Surrendering identity
Le fin de vie

on the wrist
where there est non vermillion mouth 

Depression emotion
Fear madness

to call you mad

N’est pas? 

in your 
own villa 

Self hatred 

it smells strongly of money
metallic, like blood 

Marked violence

drips into your eyes
blind to everything but 

Le désir à 
Disappear

where her stomach is 
hard and willing 
for you to swim lower

Life stolen
Pour quoi? L’argent? 
Sex?
Pride? 
Le mensonge de soi
Is the worst
Rope of all 
Ça va? Non. 
No modern man 

Lives well inside

Poet's Notes:  The 1967 film Diaboliquement Votre inspired “Le suicide”. An amnesiac, played by international sex symbol Alain Delon (pictured), is being systematically brainwashed by his supposed wife and best friend, who are both urging him toward suicide.
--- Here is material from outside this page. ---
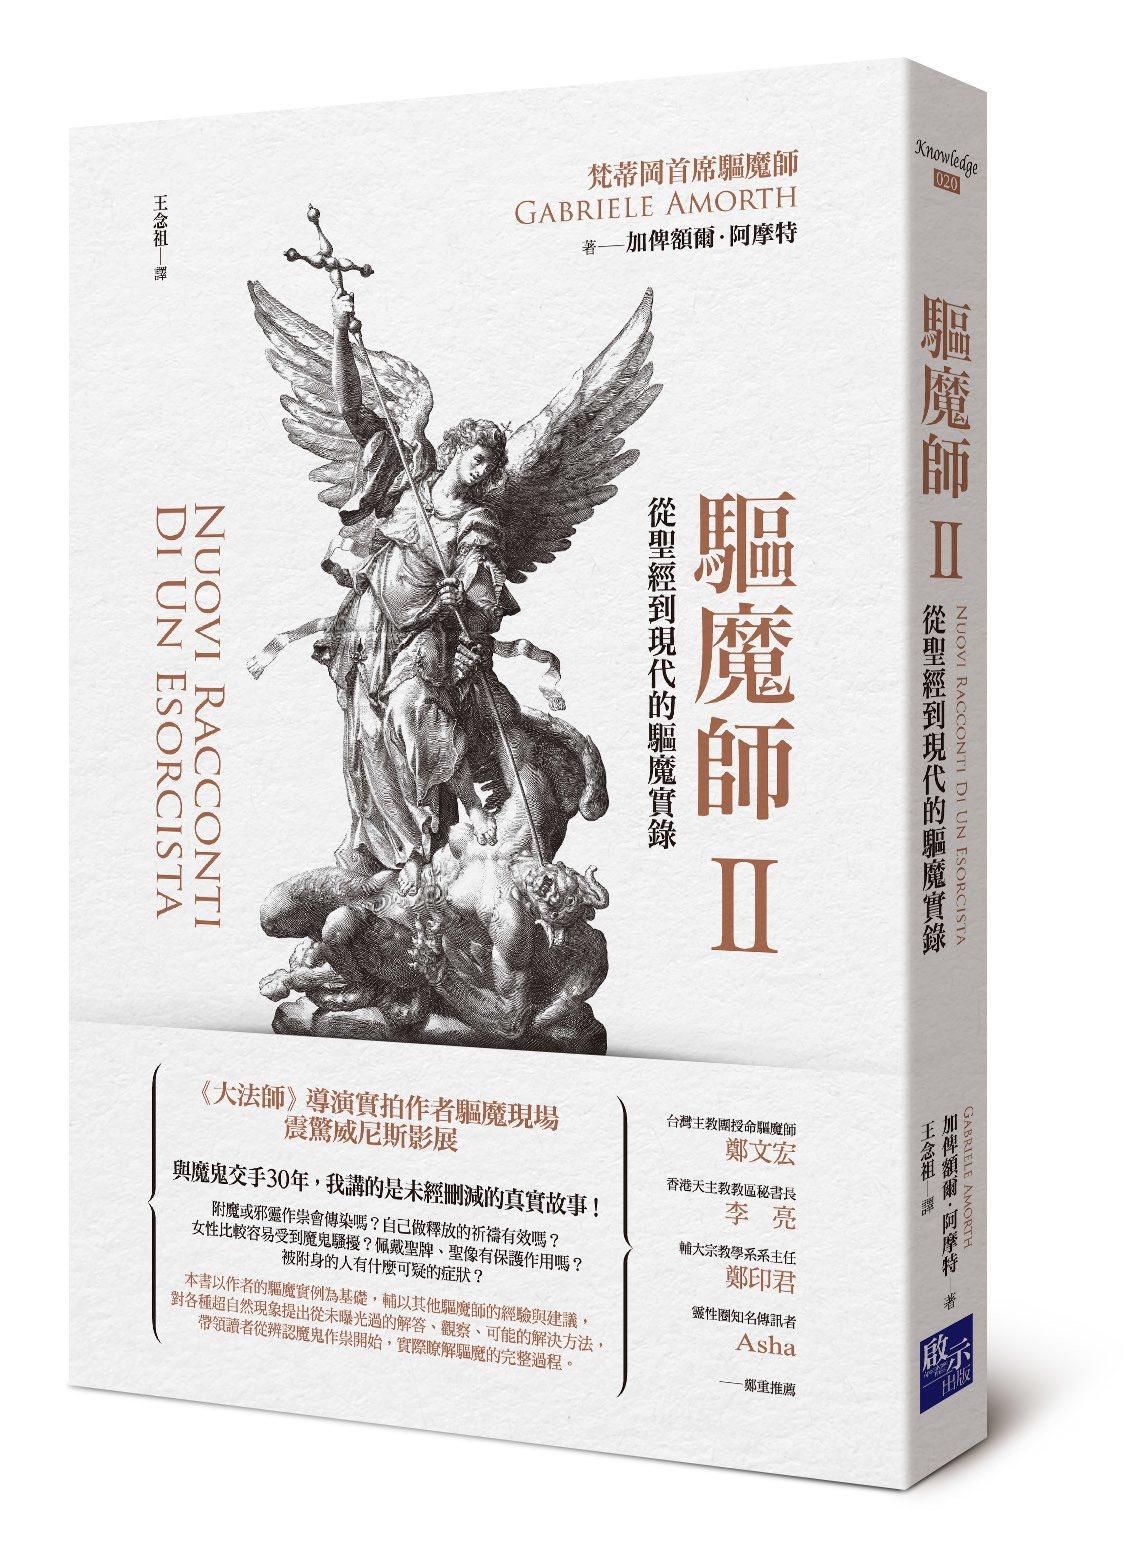 「驅魔師2:從聖經到現代的驅魔實錄」。圖/啟示出版提供

The left oriented stanzas touch on sex as an addiction, the right oriented stanza on monetary greed, before the two sides converge in the final stanza. In addition, the left oriented stanzas may be read together as a stand-alone poem. 

Editor’s Note:  I particularly appreciate the thirteenth stanza, where the erotic and death begin to combine and then come together beautifully in the final stanza.  The first line works on many levels--visceral, as metaphor for drug addiction, as metaphor for stimulated flesh--a strong beginning to a haunting piece.